1. Get DS Tokens — request DST from the faucet.
2. Register Operator — distinguish the contract operator from the gateway service account, and grant OPERATOR_ROLE.
3. Deploy Vault — pick the deployment pattern that fits your protocol shape.
4. Register Vault — sign the EIP-712 permission and call registerVault().
5. Transfer Tokens — move DST into the vault (and why this fails before step 4).

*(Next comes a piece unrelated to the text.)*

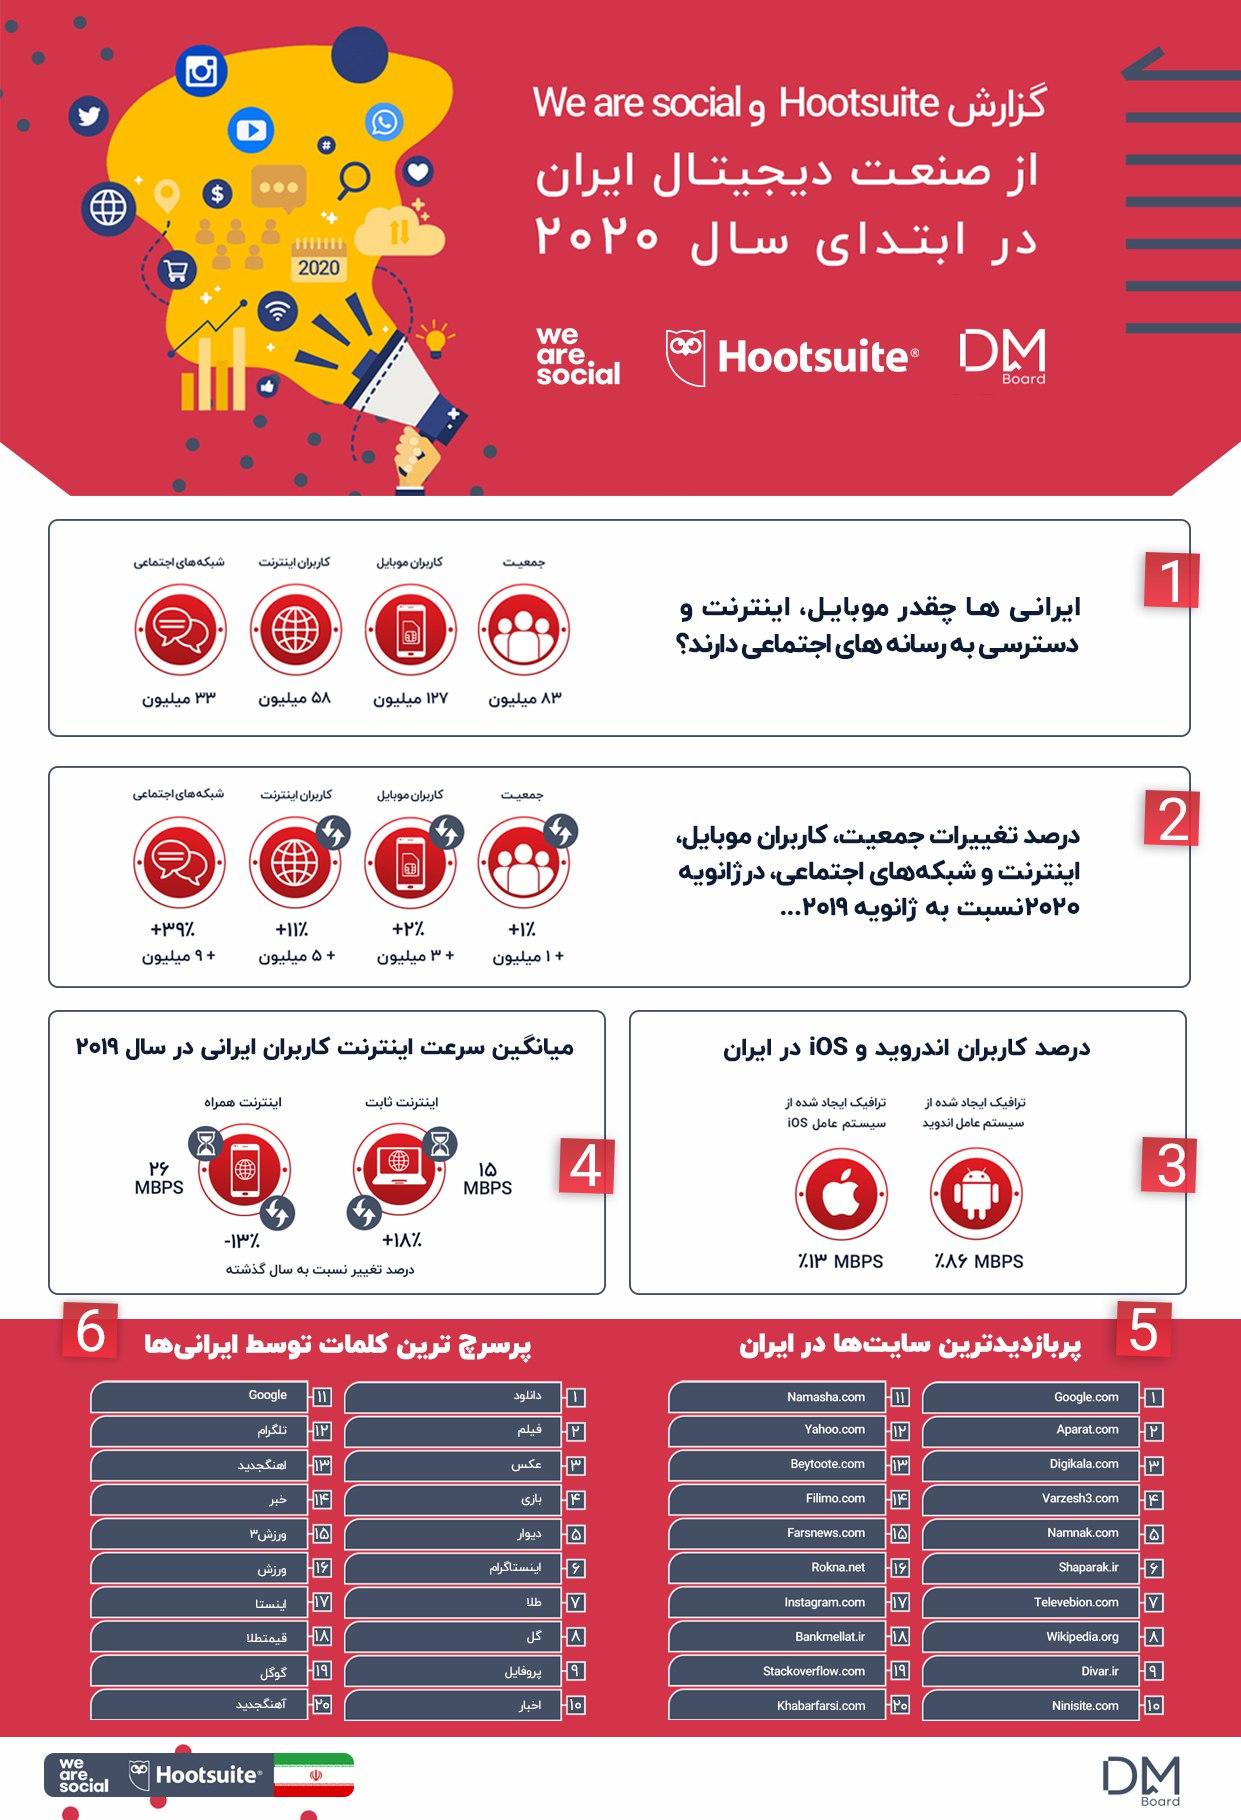 نمودار گزارش کانال بورد DM برای گروه Hotline 2020

6. Protocol Interaction — your strategy logic, plus how to gate downstream contracts on isRegistered().
7. Return Tokens — the off-ramp and standing-permission revocation.

Glossary

• Standing permission — A single EIP-712 signature that authorizes the operator to register any number of vaults under the investor until the deadline passes or the investor revokes. Successful registerVault() calls do not consume the nonce.
• DS Registry Service — The Securitize on-chain registry that maps wallet addresses to investor IDs. Discovered via IDSToken(token).getDSService(4).
• Investor ID — Opaque string identifier for an investor in the DS Registry. Two wallets are "the same investor" iff getInvestor(walletA) == getInvestor(walletB) and both are non-empty.
• Operator nonce — Per-pair counter operatorNonce(investor, operator) that only increments on invalidateOperatorPermission(operator) from the investor side.